10. How will the results of the study be used?

I intend to publish the study’s results in a report that will be shared by email with interview participants, the City of Toronto, and Toronto Urban Growers. As well, the research findings will be detailed in my written thesis. Additionally, I would like to present highlights from the study at urban agricultural events and academic conferences. My presentations may include photos, video clips, and/or audio clips (if you have given permission on the enclosed consent form).

11. What if I have questions about this study?

If you have any questions about the study or what you are being asked to do as a participant, please reach out to me:

Stephanie Demetriou Email: [email protected] Phone: 647-802-3910

You may also contact my Supervisor if you have any concerns:

Dr.
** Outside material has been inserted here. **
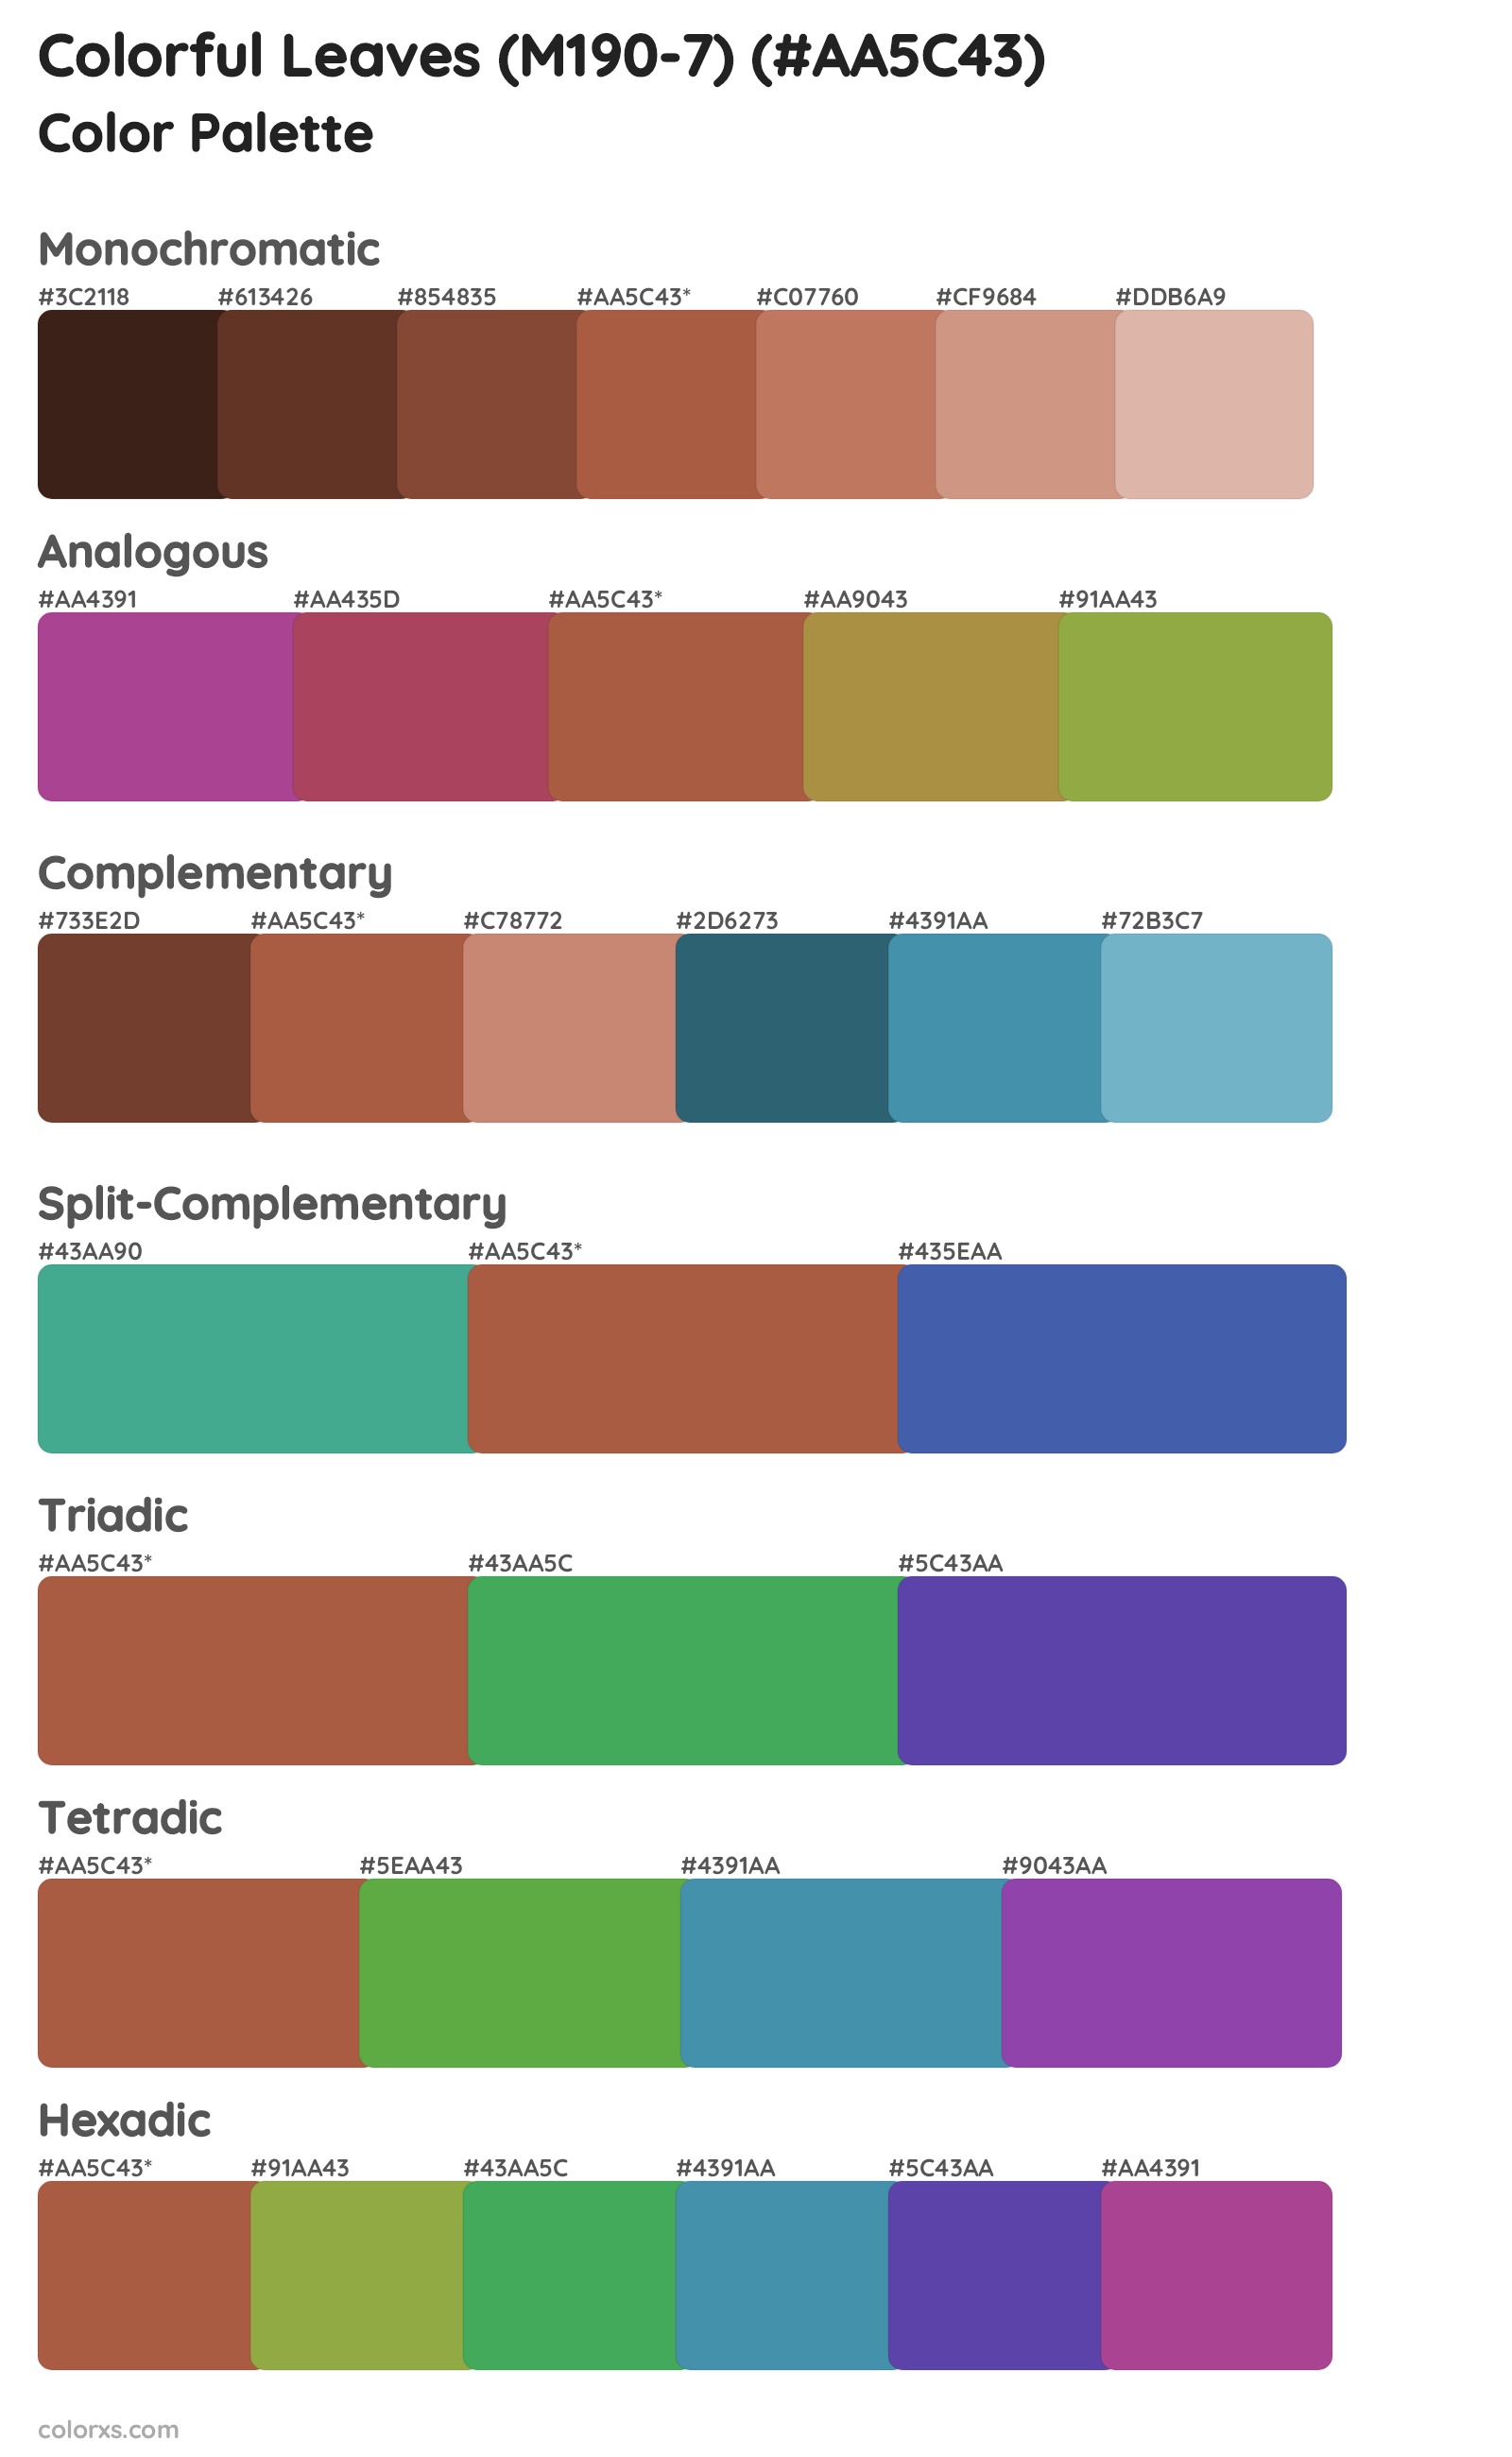 Colorful Leaves (M190-7) Color Scheme Palettes

Sarah Wakefield Email: [email protected]

12. Has this study been approved by the University’s Ethics Committee?

Yes, this study has been approved by the University of Toronto Research Ethics Board. If you have any questions or complaints about the conduct of this study, please contact the Office of Research Ethics at 416-946-3273 or [email protected].

Please note that my research study may be reviewed for quality assurance to make sure that the required laws and guidelines are followed. If chosen, (a) representative(s) of the Human Research Ethics Program (HREP) may access study-related data and/or consent materials as part of the review. All information accessed by the HREP will be upheld to the same level of confidentiality that has been stated above.
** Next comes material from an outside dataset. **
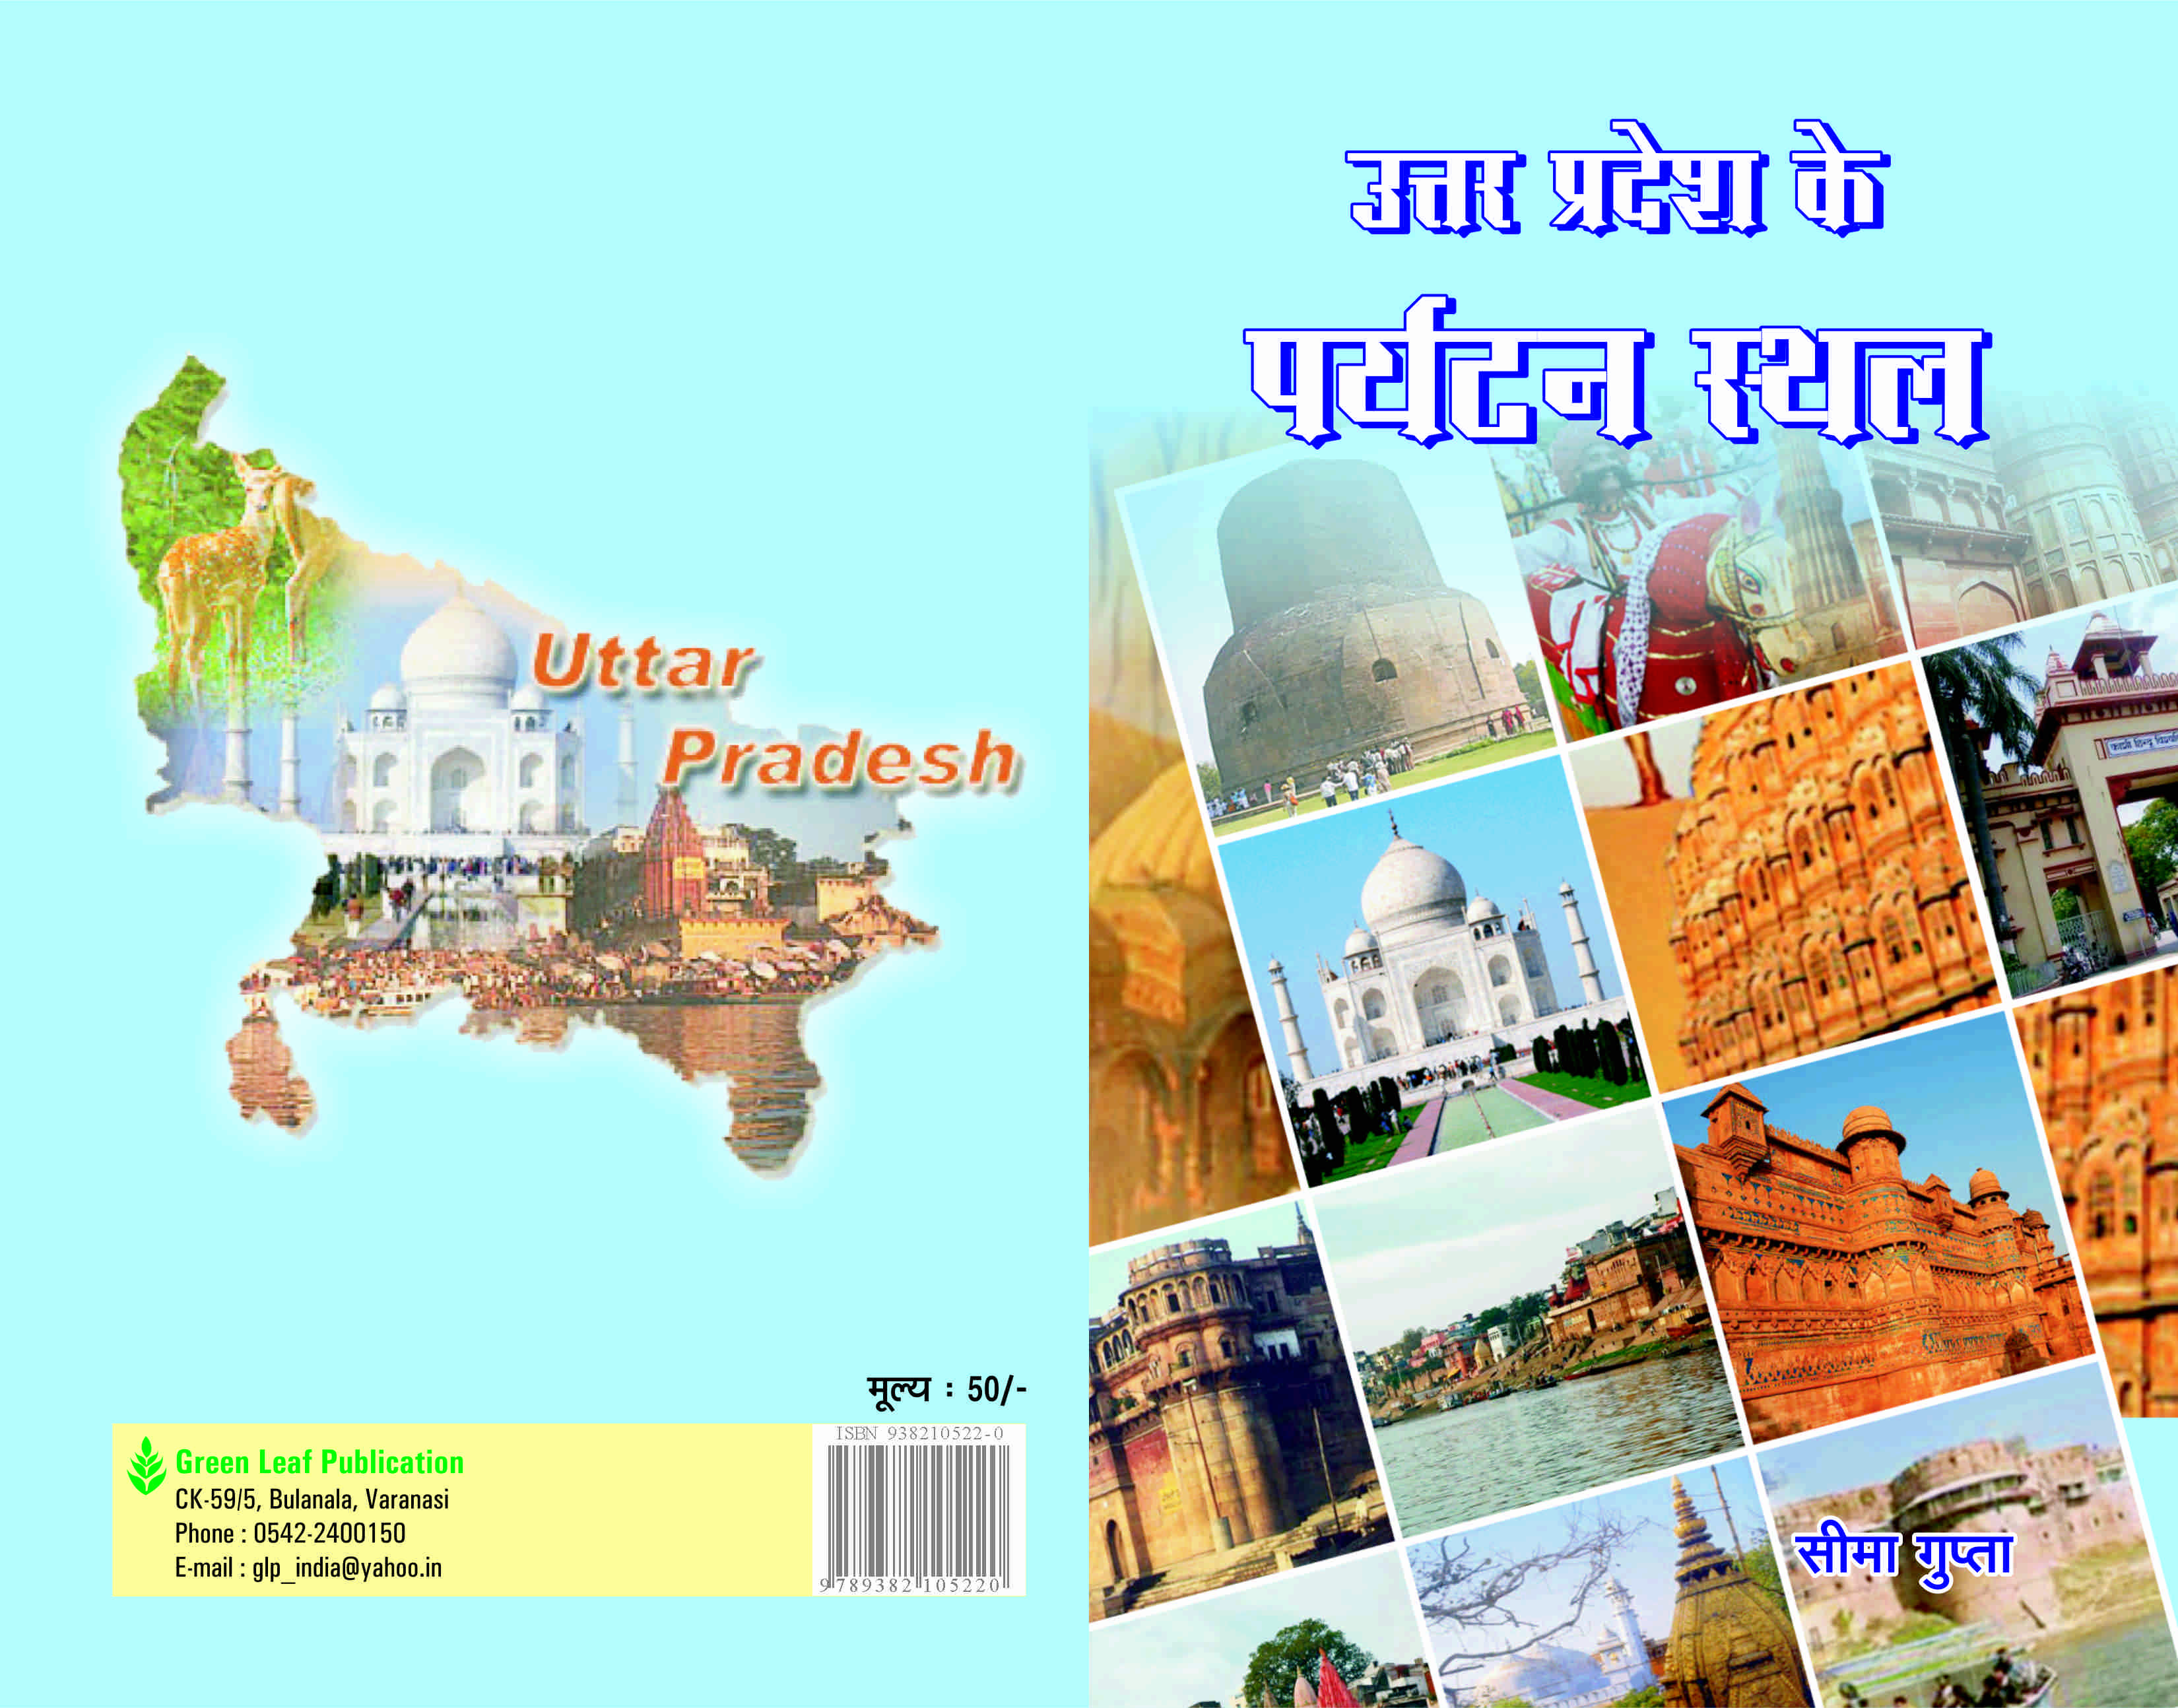 Uttar Pradesh Ke Paryatan Asthal.jpg

If you would like to take part in this research study and you consent to the terms of participation, please review the Consent Form and either (a) return the completed form by email; or (b) simply state in the body of an email message that you understand and consent to the terms of this study. If going with the second option, please indicate in your email message whether you give permission for

149 your photos/audio/video to be used in my project outputs, as per what’s listed on the form.

Consent Form

Project Title: Inside the Urban Coop — Exploring Human-Animal Relations in Backyard Chicken Keeping in Toronto, Ontario

• I confirm that I have read and understand the information sheet provided for this study.
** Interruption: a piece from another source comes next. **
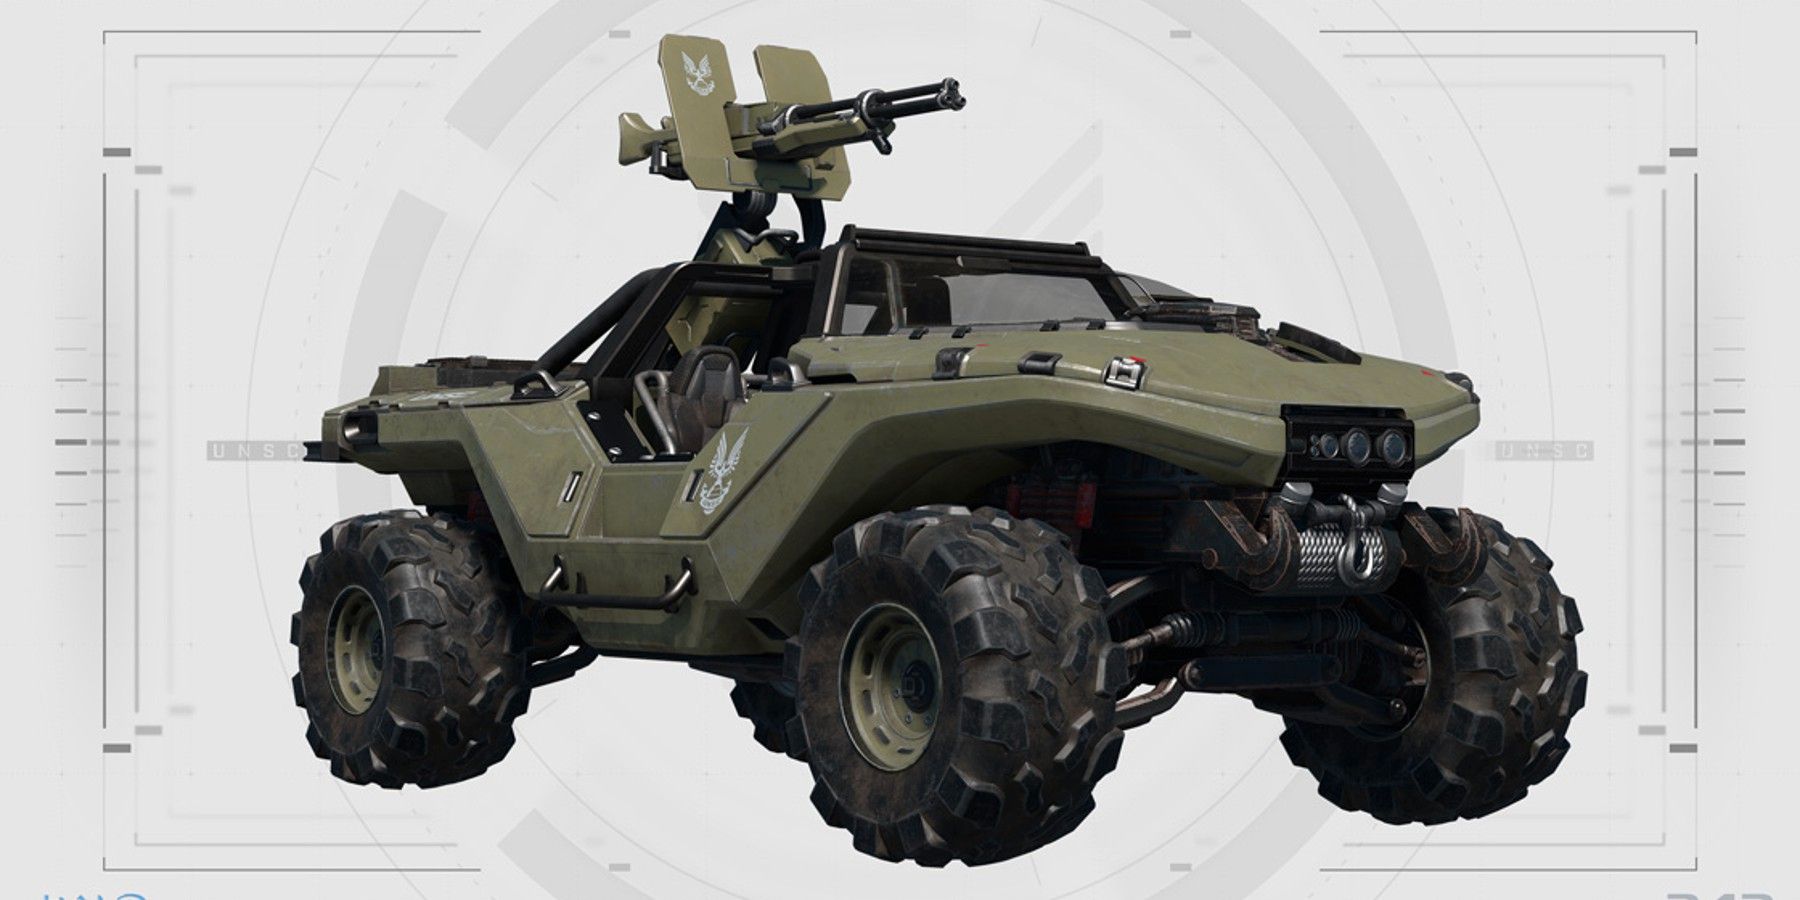 Το Halo Infinite εισάγει ένα σύστημα δυναμικής βλάβης για οχήματα

• I confirm that I have considered what is involved with participating in this study. I have had the opportunity to ask questions and am satisfied with any responses that I have received.

• I give permission to the researcher to use the following materials in the study’s direct project outputs (including but not limited to the researcher’s thesis, report(s), and/or study-related presentations):

Photos that I may send to the researcher YES NO Videos that I may send to the researcher YES NO Audio clips from my recorded interview YES NO

Participant’s Name:

Date:

Thank you for agreeing to take part in this study!